Targeting the Pentose Phosphate Pathway for SARS-CoV-2 Therapy
Round 1
Reviewer 1 Report
In the manuscript entitled, “Targeting the pentose phosphate pathway for SARS-CoV-2 therapy”, Bojkova et al identified that the non-oxidative Pentose Phosphate Pathway increased during SARS CoV-2 infection in Caco-2 cell culture models. They investigated the role of TKT inhibitor benfooxythiamine (BOT) against SARS-CoV-2 replication and that found that the application of BOT increased further the potential of glycolysis inhibitor 2DG. It is a clear study of concomitant applications of both BOT and 2DG as an improved COVID-19 therapy out comes for their antiviral and/ or immunomodulatory effects. The report is novel and has solid data, but lacks of appropriate control samples in various experiments is common. Control cell layer with and without treatment lacking infection should be included in each study. In the absence of control samples, results are not so conclusive. For example Fig 2C, 2E, authors claimed increase in rate of glycolysis and ECAR during SARS CoV-2 infection on Caco-2 cell lines. However, their 0 hrs post infection stage between infected and mock samples are showing substantial differences and such differences persist through out.
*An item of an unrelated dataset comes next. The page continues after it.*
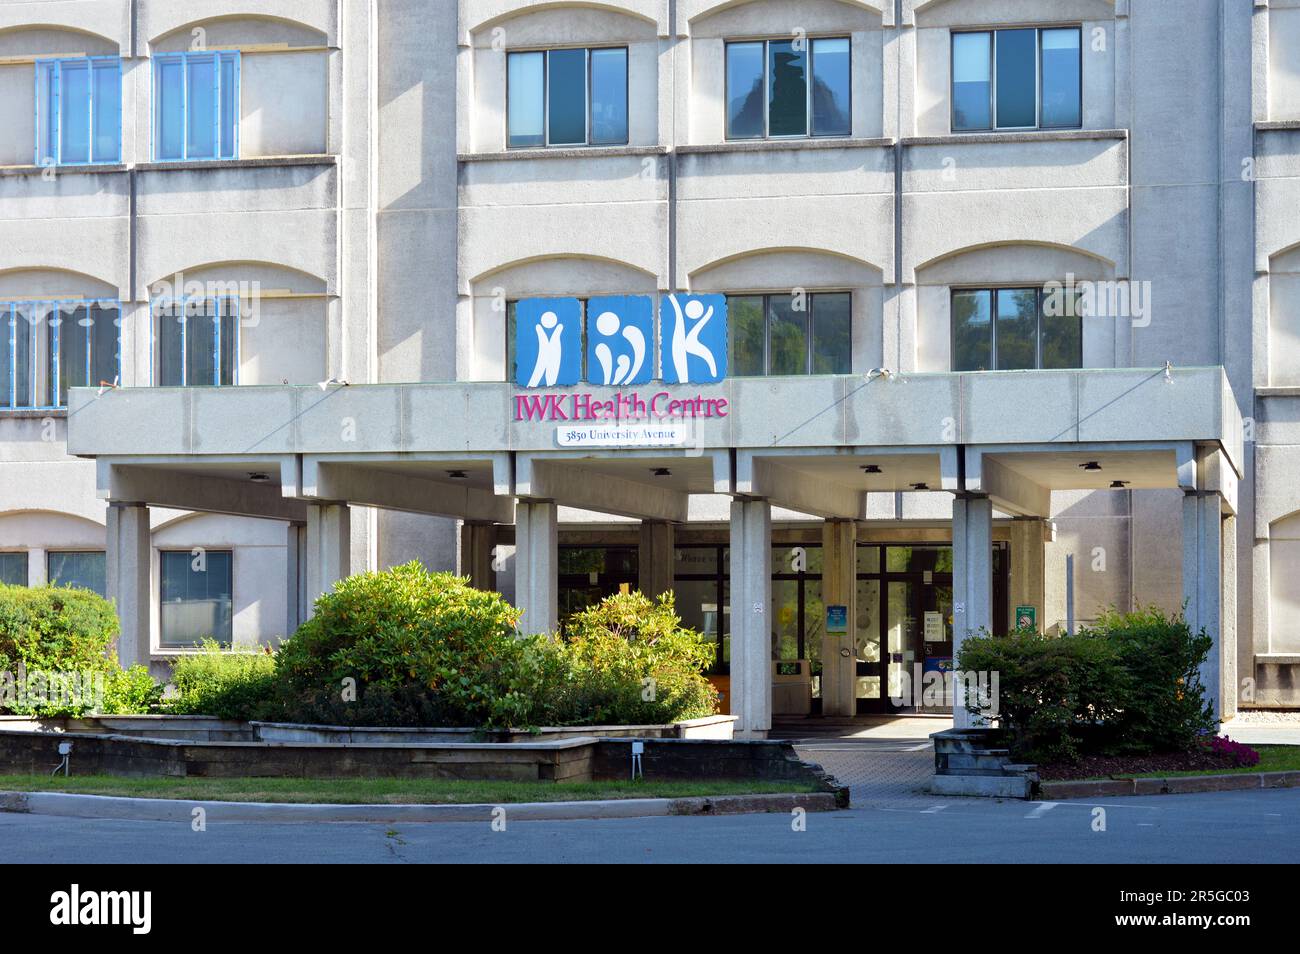 Auvent en béton à l'entrée du Centre de santé IWK, un hôpital public pour enfants à Halifax, en Nouvelle-Écosse, au Canada Banque D'Images

The data demonstrating toxicity effects of BOT and BOT+2DG alone on cells line is not available to justify their application at given concentration. And in my opinion, the role of BOT or other PPP inhibitor need to be validation in multiple cell lines and a mouse infection model. The absence of these all controls and data from other cell monolayers are the major limitation having with this study.
Author Response
Authors’ statement: All changes are highlighted in yellow in the manuscript.
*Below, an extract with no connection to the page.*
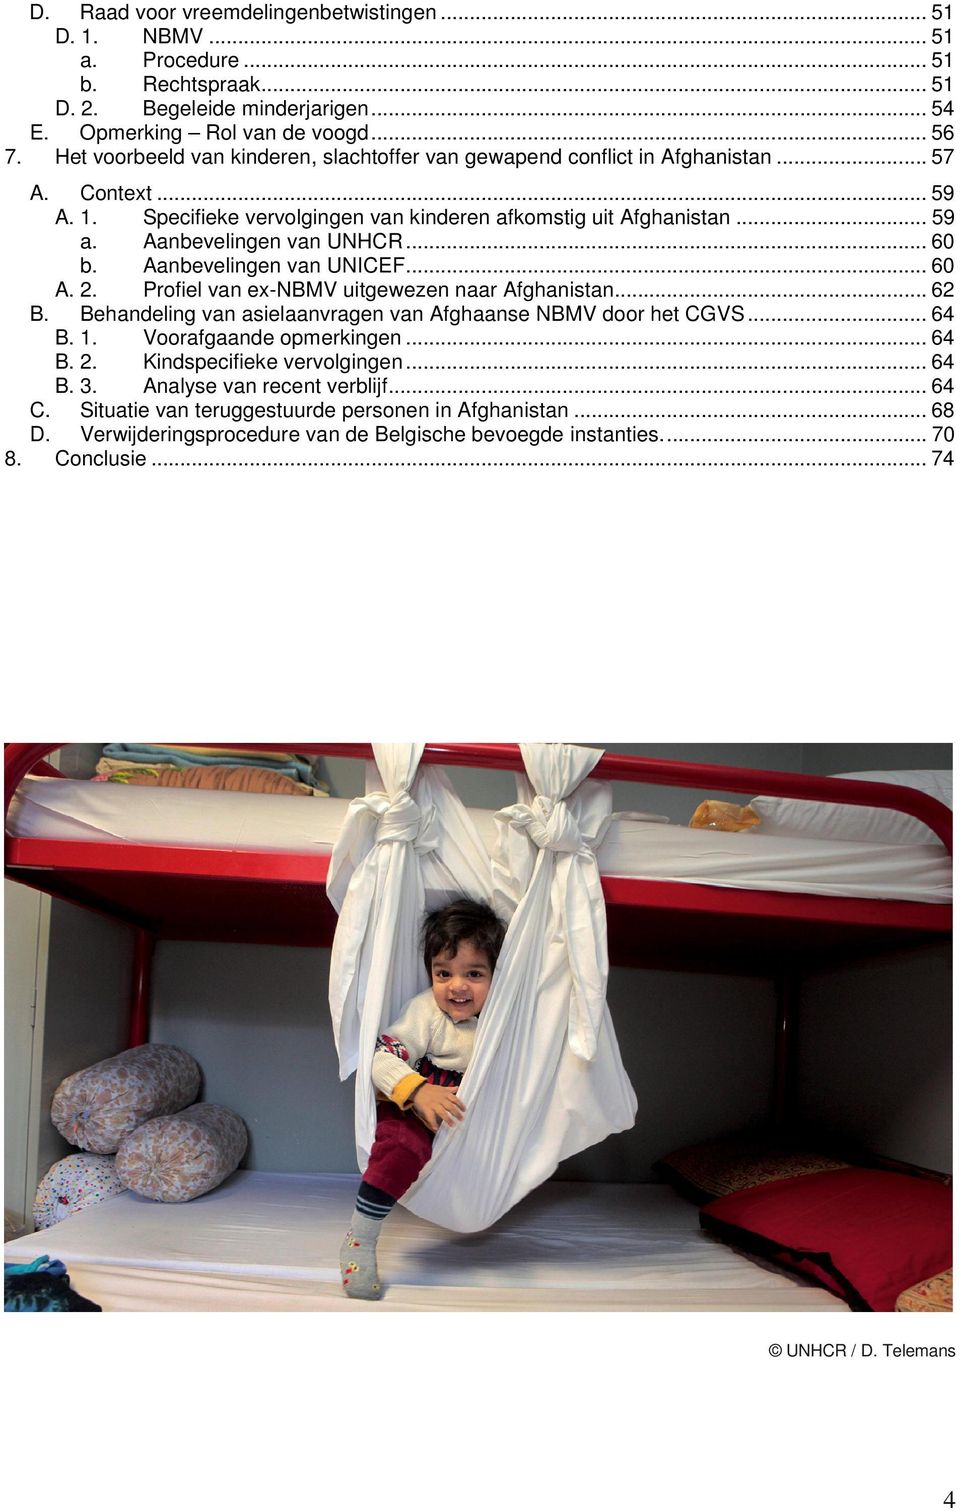 Aanbevelingen van UNHCR... 60 b. Aanbevelingen van UNICEF... 60 A. 2. Profiel van ex-nbmv uitgewezen naar Afghanistan... 62 B. Behandeling van asielaanvragen van Afghaanse NBMV door het CGVS... 64 B.

In the manuscript entitled, “Targeting the pentose phosphate pathway for SARS-CoV-2 therapy”, Bojkova et al identified that the non-oxidative Pentose Phosphate Pathway increased during SARS CoV-2 infection in Caco-2 cell culture models. They investigated the role of TKT inhibitor benfooxythiamine (BOT) against SARS-CoV-2 replication and that found that the application of BOT increased further the potential of glycolysis inhibitor 2DG. It is a clear study of concomitant applications of both BOT and 2DG as an improved COVID-19 therapy out comes for their antiviral and/ or immunomodulatory effects.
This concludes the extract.